Mais celle-ci se réalise de façon naturalisée : aucune référence explicite, ni sur la
qualité du papier, ni sur les processus de sélection.
Plus précisément, sur le plan sémantique, si le terme « papier » n'apparaît pas,
les courts articles abondent de termes définissant de façon topologique l'objet en
papier. De façon exhaustive, voici les termes rencontrés : pochette, leaflet, dépliant,
carte postale, mini livre, mailing box, album photo, plaquettes, huit pages.
S'observe donc un déplacement sémantique vers la forme du support de
communication. Les choix sémantiques résultent d'un acte de communication singulier
sur les objets présentés : il s'agit de décrire en se plaçant au cœur du processus de
réception des lettres de prospection.
Chaque exemple constitue une focalisation sur un certain type de prospection
et caractérise de façon spectaculaire l'enchevêtrement entre l'objet et le message :
le jeu de miroir entre l'image-objet et le texte est extrêmement significatif d'une
volonté de référer à des codes du marketing visuel. C'est pourquoi chaque article
constitue une sorte de fiche signalétique de l'outil de prospection que l'image
vient avérer.

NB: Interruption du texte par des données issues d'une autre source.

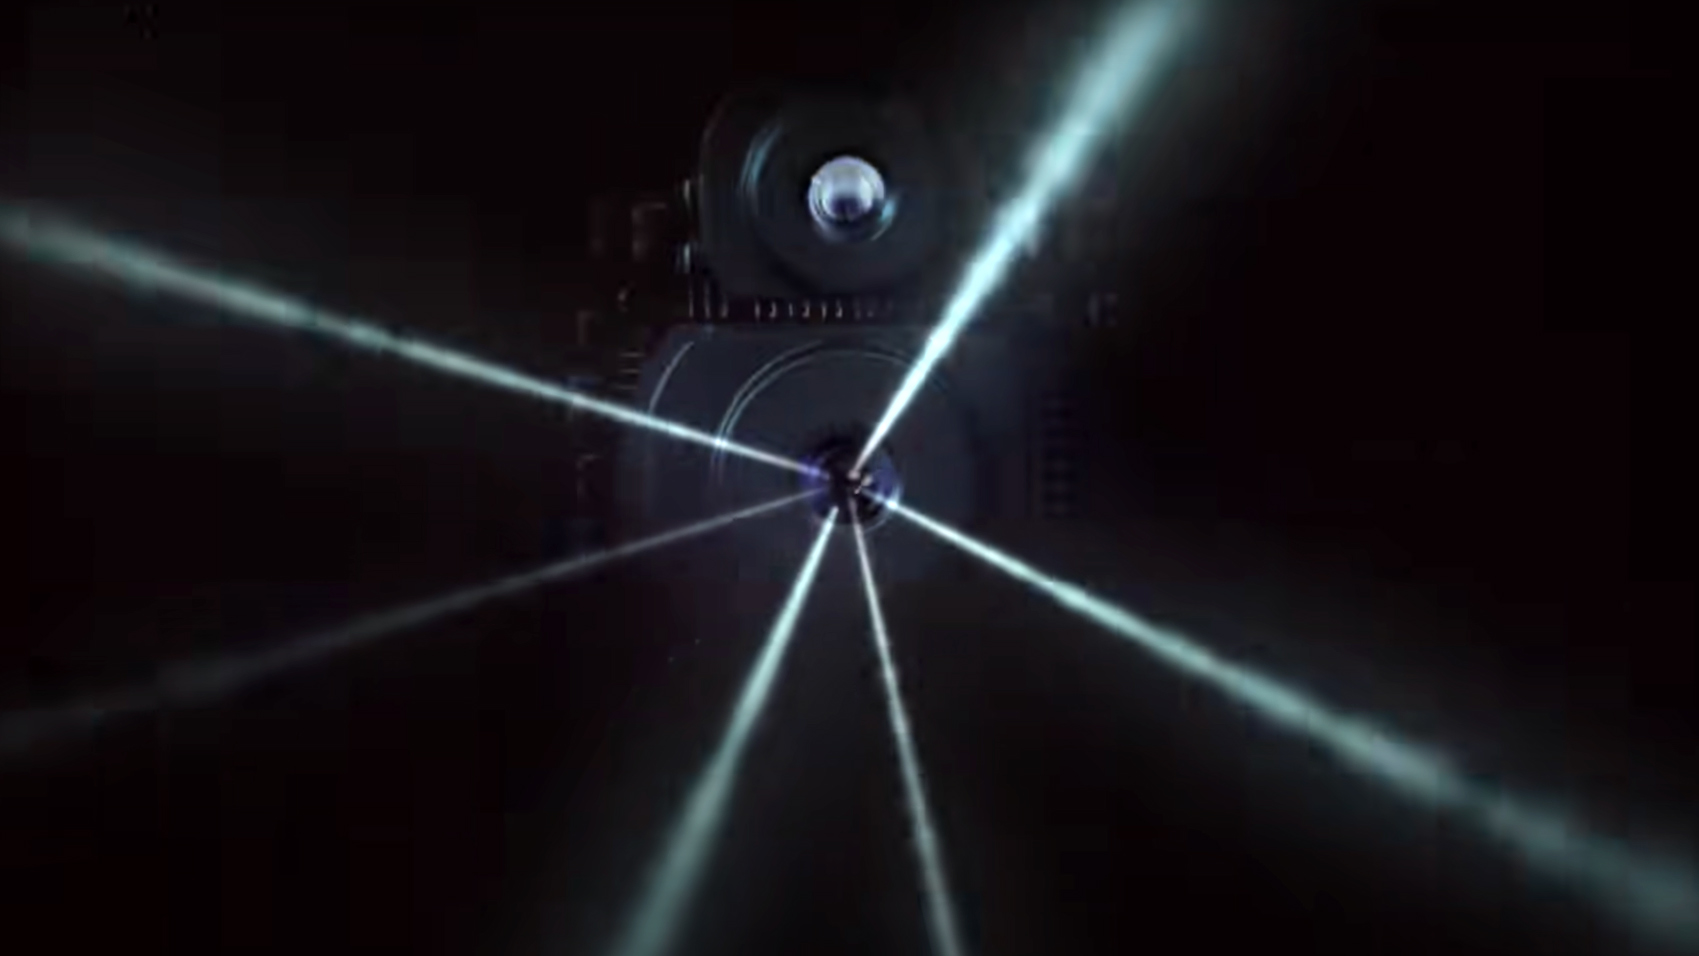 Laser beams firing out from a LiDAR scanner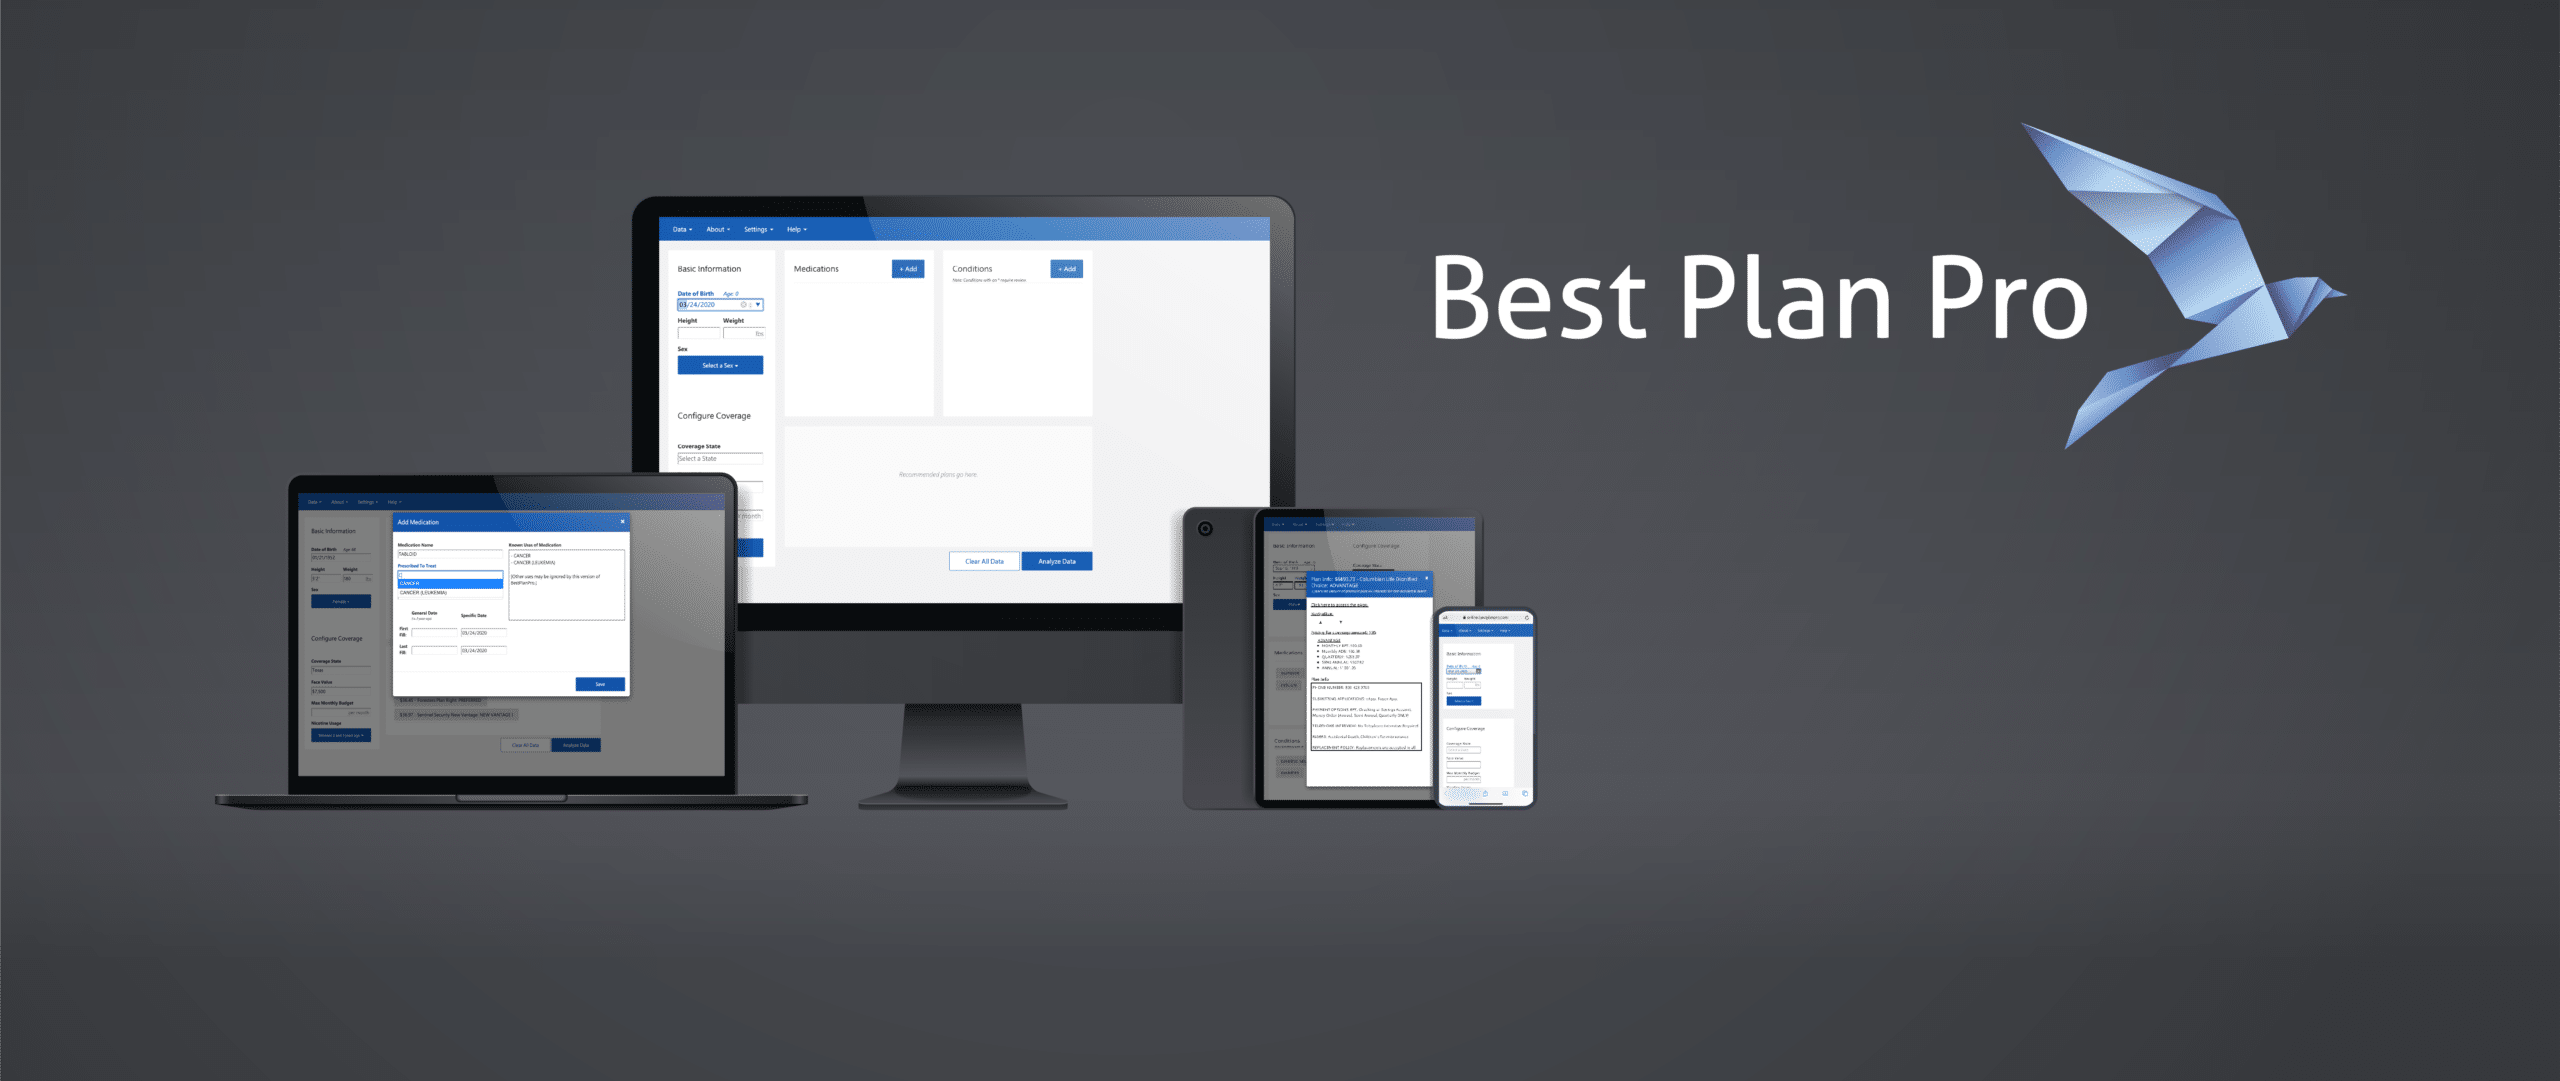 BestPlanPro Final Expense Underwriting Tool

En effet, la présence de l'objet dans la page excède la simple
figuration du courrier en tant qu'outil de prospection, elle vise à produire un effet en
s'exprimant par le jeu graphique.
La dimension créative se retrouve dans la mise en forme visuelle des images-
objets. Le jeu visuel traduit en effet une volonté de mettre l'accent sur leur
épaisseur matérielle : les jeux d'ombre sont complétés par des jeux de superposition ou
de pliage. Ainsi, aucun aplat de couleur n'est utilisé, les documents sont tous mis
en valeur par leur dimension physique.
Ses richesses de forme, de formats, de couleurs, constituent des éléments dont
les marketeurs se saisissent pour mettre en avant leur mode d'action. Le seul fait
que le papier puisse être sémiotisé de multiples façons autorise le fait de l'utiliser
dans un second processus de communication au sein des pages des revues : le
papier n'est alors pas seulement considéré comme un espace inscriptible, mais
encore comme un objet dont on empreint la page de magazine. Cette visibilité
tient à la volonté de valorisation des actions marketing, de leur originalité, de leur
créativité. Le terme de « support de création » pour parler des papiers insiste
d'ailleurs sur cette invitation à imaginer que constitue le papier.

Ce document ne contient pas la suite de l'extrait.